Deployability-Centric Infrastructure-as-Code Generation: Fail, Learn, Refine, and Succeed through LLM-Empowered DevOps Simulation
Tianyi Zhang, Shidong Pan, Zejun Zhang, Zhenchang Xing, Xiaoyu Sun
TL;DR
The paper tackles the gap in IaC generation where syntactic correctness does not guarantee deployability. It introduces the DPIaC-Eval benchmark to rigorously evaluate deployability and presents IaCGen, a deployment-driven, iterative framework that couples three-stage validation (format, syntax, live deployment) with iterative feedback, including human-in-the-loop guidance.
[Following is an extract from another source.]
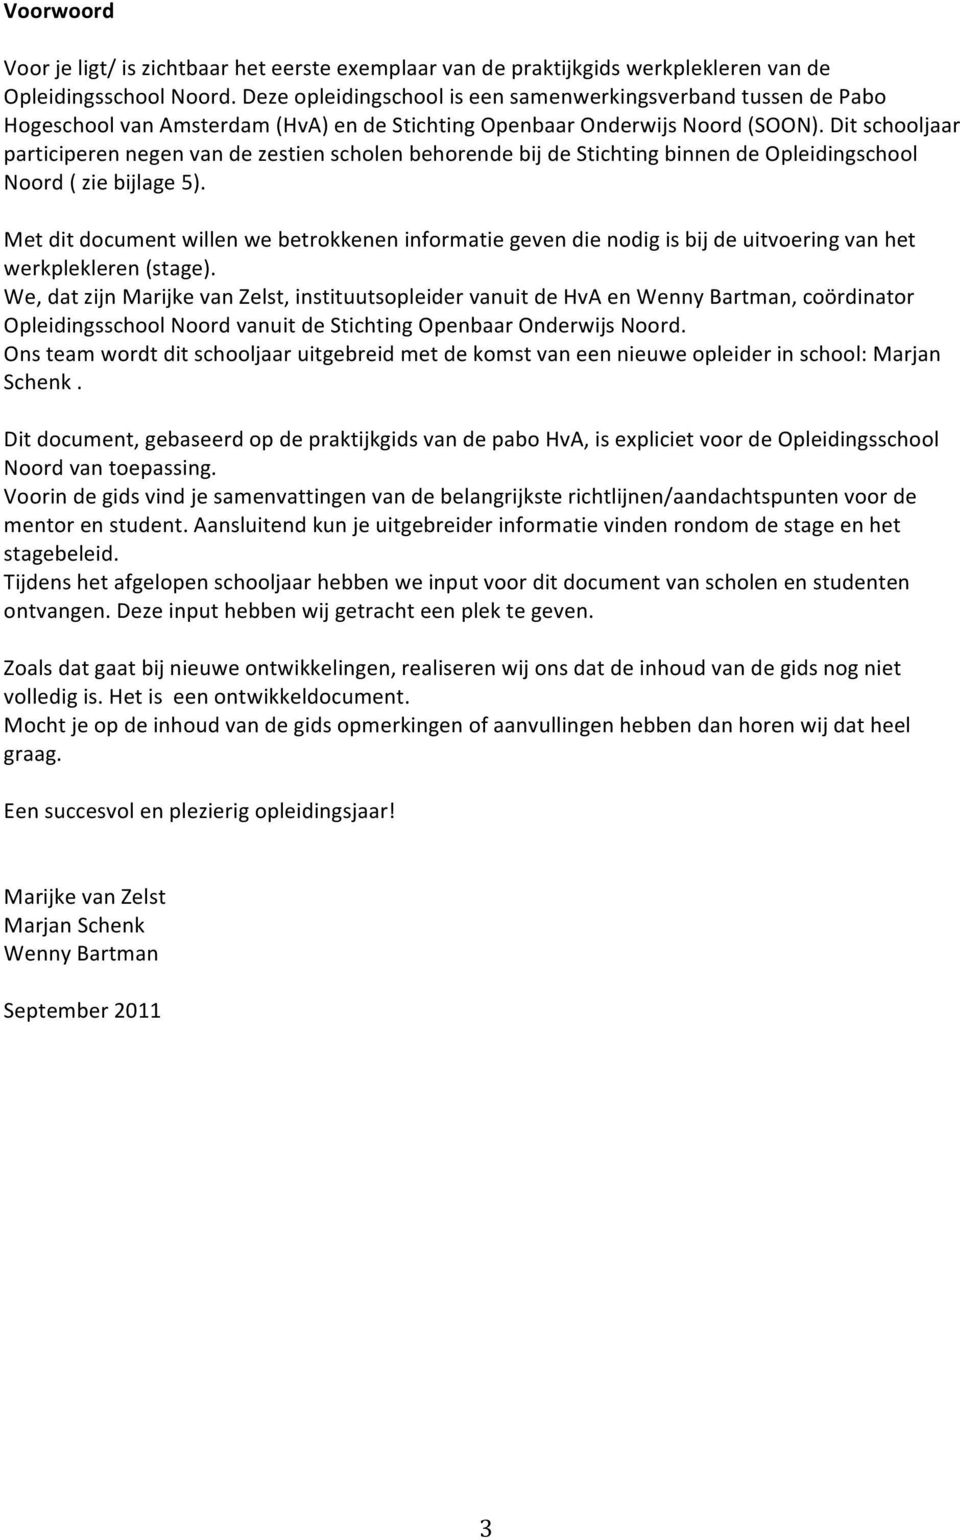 Ditschooljaar participerennegenvandezestienscholenbehorendebijdestichtingbinnendeopleidingschool Noord(ziebijlage5).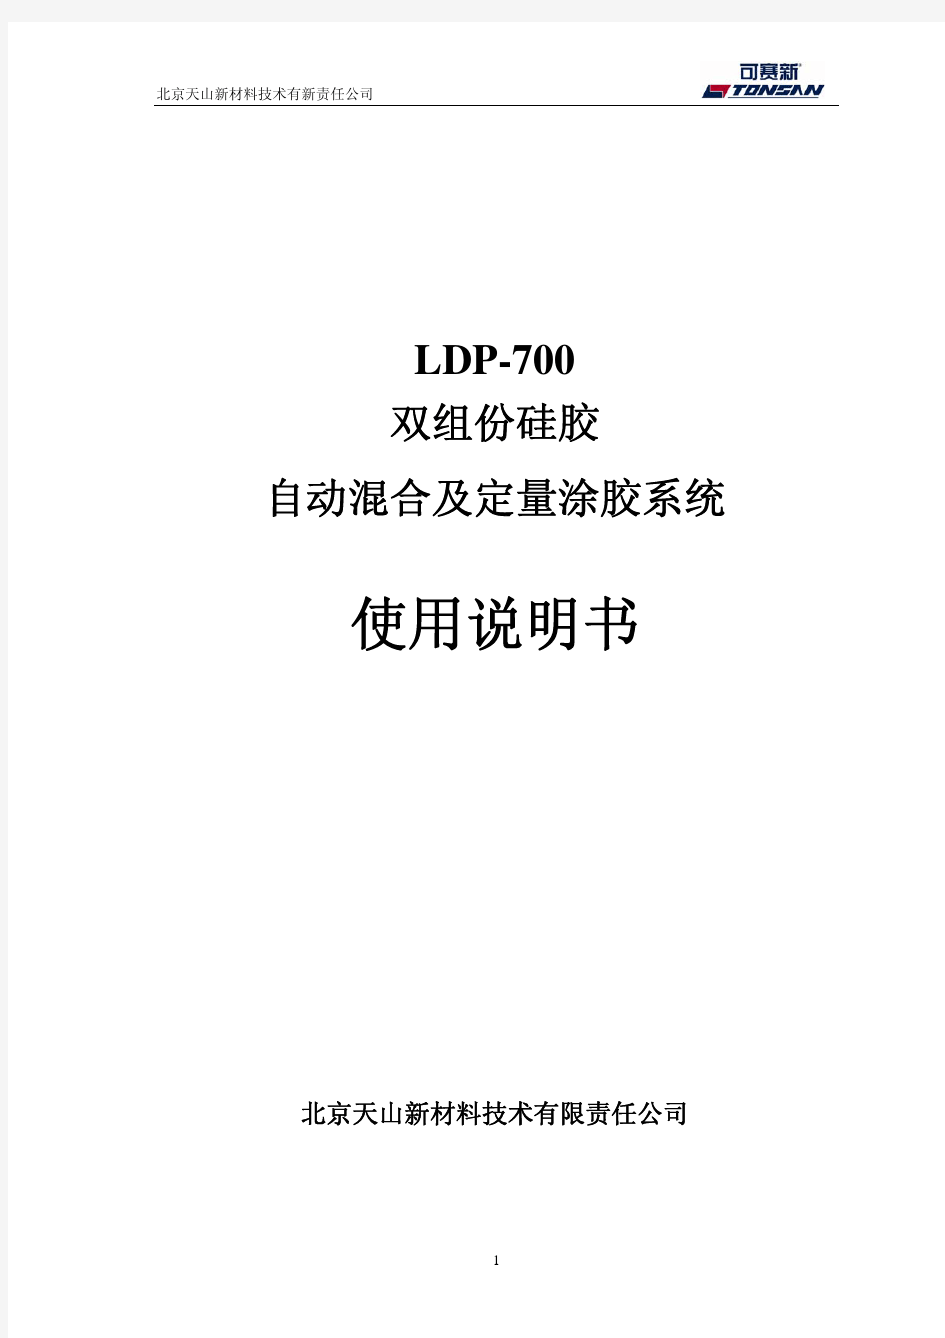 双组份注胶机使用说明书_-LDP700

Results show dramatic gains: initial deployability performance improves from around 25% to over 90% passItr@25 across evaluated models, with Claude variants excelling in later iterations; the approach also demonstrates generalizability to Terraform and highlights persistent trust and security gaps. The work underscores the need for deployability-focused evaluation and security-conscious generation, offering a practical DevOps-inspired paradigm for future AI-assisted infrastructure provisioning.
Abstract
Infrastructure-as-Code (IaC) generation holds significant promise for automating cloud infrastructure provisioning. Recent advances in Large Language Models (LLMs) present a promising opportunity to democratize IaC development by generating deployable infrastructure templates from natural language descriptions. However, current evaluation focuses on syntactic correctness while ignoring deployability, the critical measure of the utility of IaC configuration files. Six state-of-the-art LLMs performed poorly on deployability, achieving only 20.8$\sim$30.2% deployment success rate on the first attempt. In this paper, we construct DPIaC-Eval, the first deployability-centric IaC template benchmark consisting of 153 real-world scenarios cross 58 unique services. Also, we propose an LLM-based deployability-centric framework, dubbed IaCGen, that uses iterative feedback mechanism encompassing format verification, syntax checking, and live deployment stages, thereby closely mirroring the real DevOps workflows. Results show that IaCGen can make 54.6$\sim$91.6% generated IaC templates from all evaluated models deployable in the first 10 iterations. Additionally, human-in-the-loop feedback that provide direct guidance for the deployability errors, can further boost the performance to over 90% passItr@25 on all evaluated LLMs. Furthermore, we explore the trustworthiness of the generated IaC templates on user intent alignment and security compliance. The poor performance (25.2% user requirement coverage and 8.4% security compliance rate) indicates a critical need for continued research in this domain.